Good stuff? Progress? Enlightened? No, not really. At the heart of this well-meaning mantra is a misunderstanding.

Here is how I manage my health. I spend a lot of my eating, drinking and occasional exercising with one eye on whether or not I am doing these things ‘healthily’. If I feel unwell, I go and lie down. If I am in pain, I take a pill. If my throat hurts or irritates, I have chamomile tea with honey, lemon, and scotch. If I feel anxious and worried, I go for a long walk. Only when none of these work, or I am struck by some catastrophic failure of my body, do I ask for help from the ‘health system’. I don’t know what the proportions are, but at a rough guess I manage my health for 99% of my time and ask for help from the ‘system’ 1% of the time. So how come I’m being asked to take a ‘more active role in managing my health’. Is 99% not enough?

Either somebody in the system wants to take less responsibility for the little I ask them to do, or they have a profound misunderstanding about the relationship between me and them. I suspect the former, but I’ll assume the latter. When I do visit a doctor or hospital it is because I have decided to involve them in managing my health. I usually do so only at the point when my own management has failed. I need help.

The idea that I need to be more involved is absurd. All this talk of ‘empowerment’ misses the point. Having overcome my reluctance to ask anyone for help, put to one side my fear of additional pain, ignored my instinct that tells me hospitals are dangerous places, and prepared myself to deal with arrogant and uncommunicative doctors, I ask for help.

It would be refreshing and reassuring at that moment and throughout my stay if someone told me what they were going to do, why, what the risks were, and what the outcome might be; it might also be helpful for me to know what it might feel like to me and what I need to do, etc: in other words good communication between me and the people I have asked for help.

Instead of this, the representative of the health system is quoted as saying:
“Safer healthcare is everyone’s responsibility.

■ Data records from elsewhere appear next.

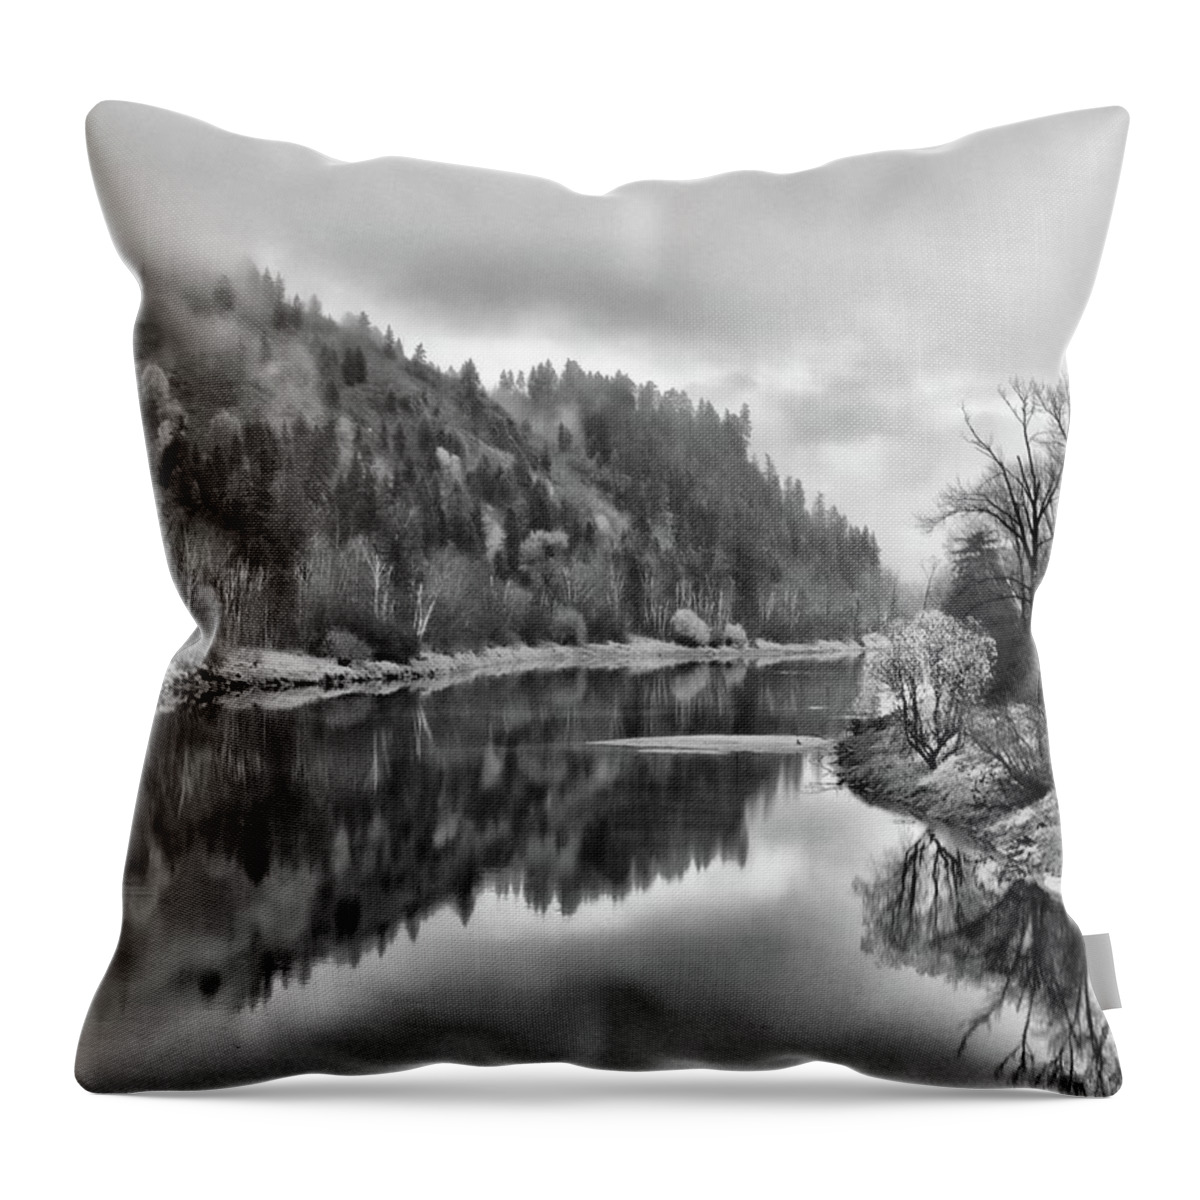 Grindrod Throw Pillow featuring the photograph Shuswap River Black and White by Allan Van Gasbeck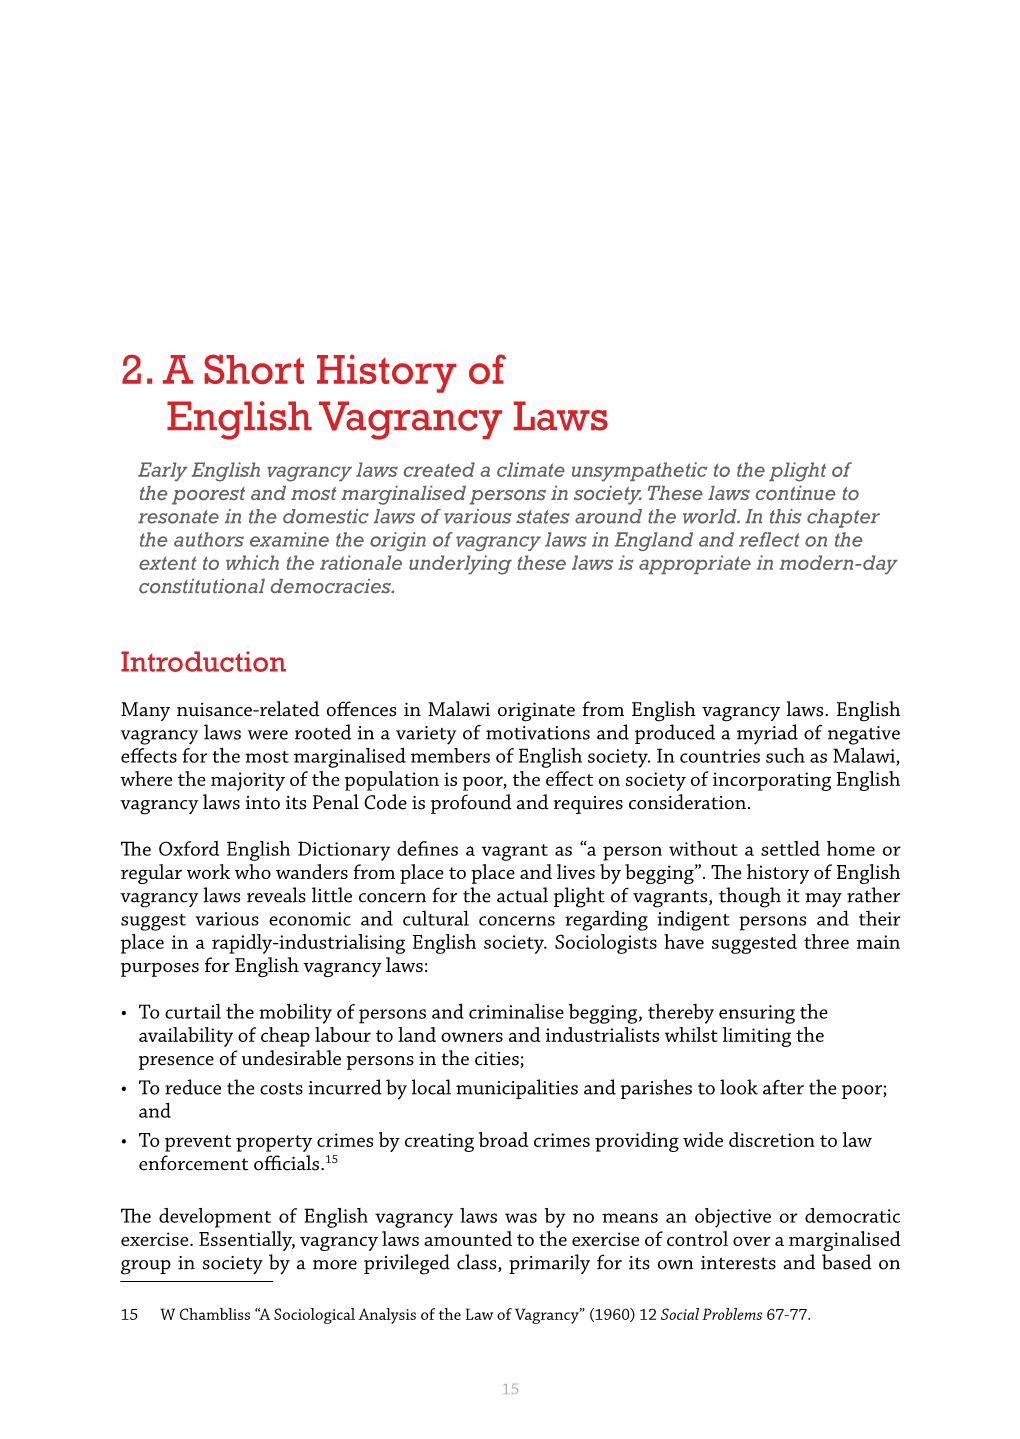 2. a Short History of English Vagrancy Laws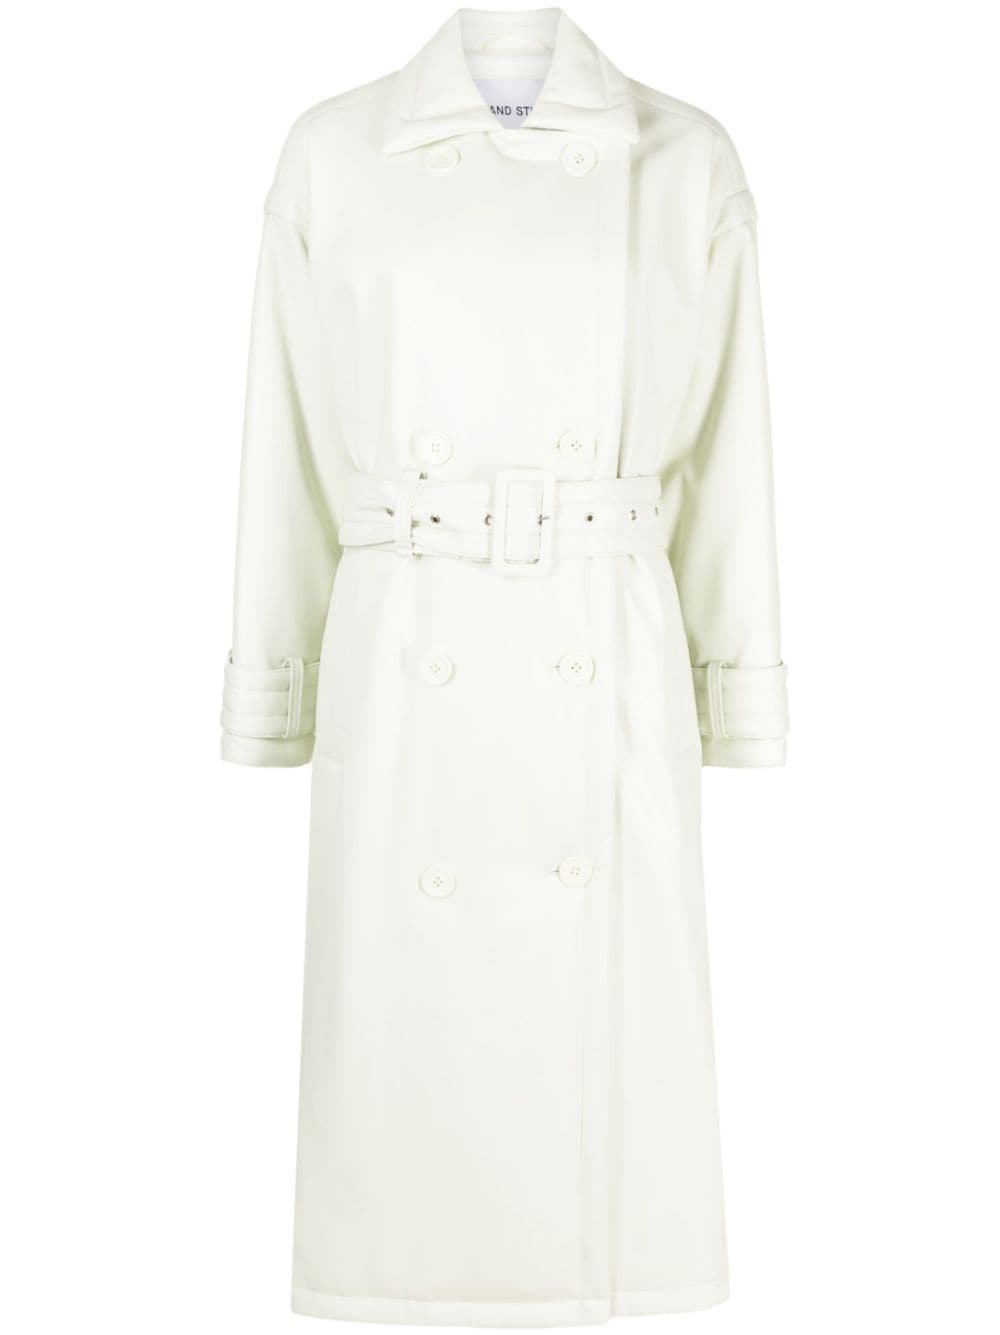 STAND STUDIO Emily double-breasted belted trench coat - Green von STAND STUDIO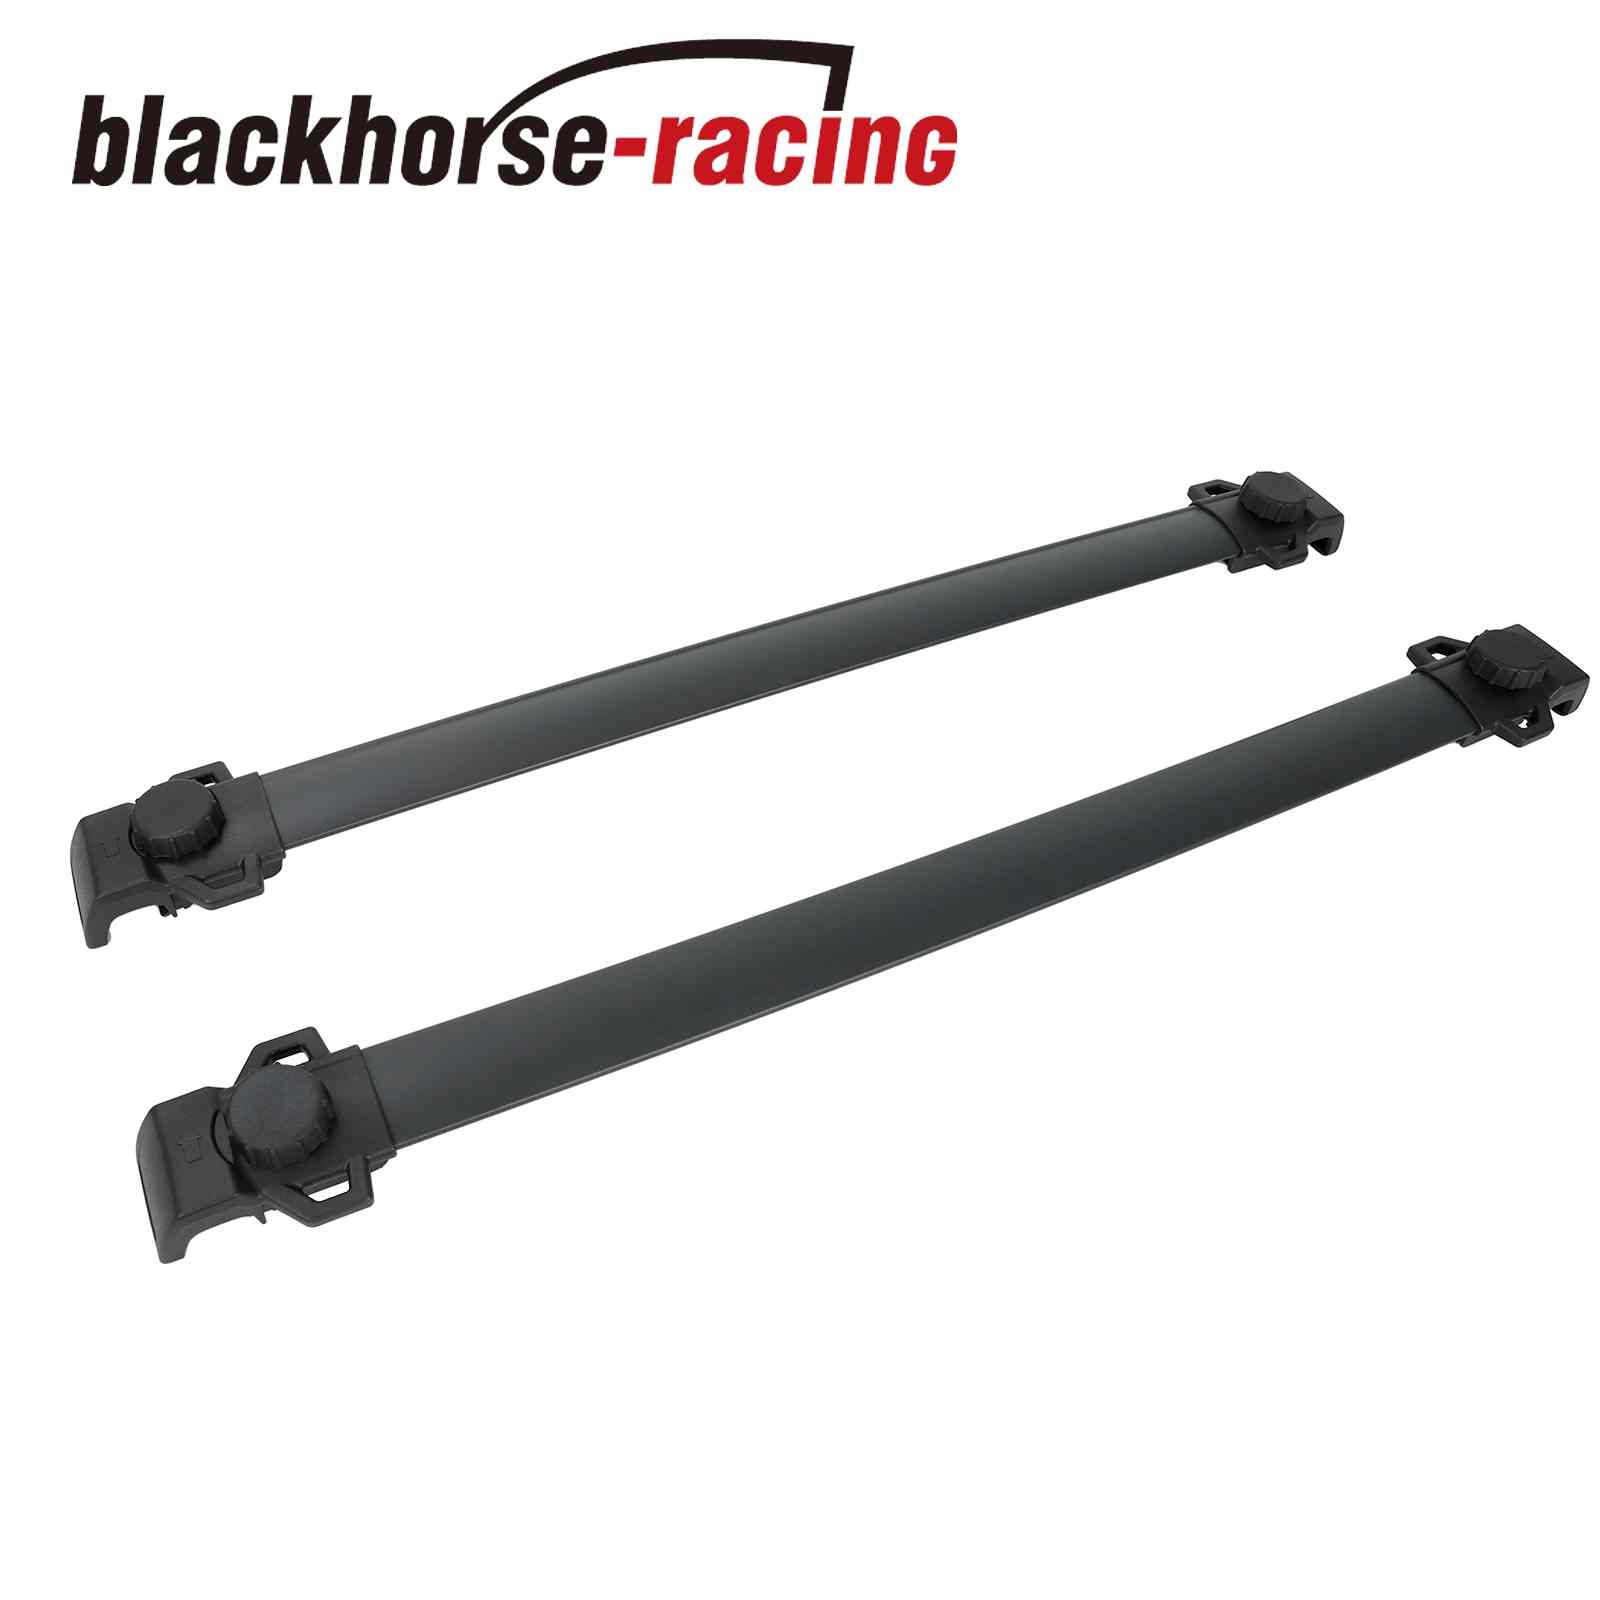 Roof Rack Luggage Canoe Carrier Cross Bars Rail Rooftop For 07-17 Jeep Patriot

By providing practical information about safety issues and good health behaviour, the NPSA hopes to encourage patients and the public to get more involved in their own healthcare – to ask questions, discuss concerns and share their experiences with us. Informed patients are an important part of a safer patient journey.”

In other words, I should take over 99.5% of my health management, and the system may do me less harm in the 0.5% it manages, as I travel along my ‘patient journey’.

It’s time to go to 99.9% management of my health!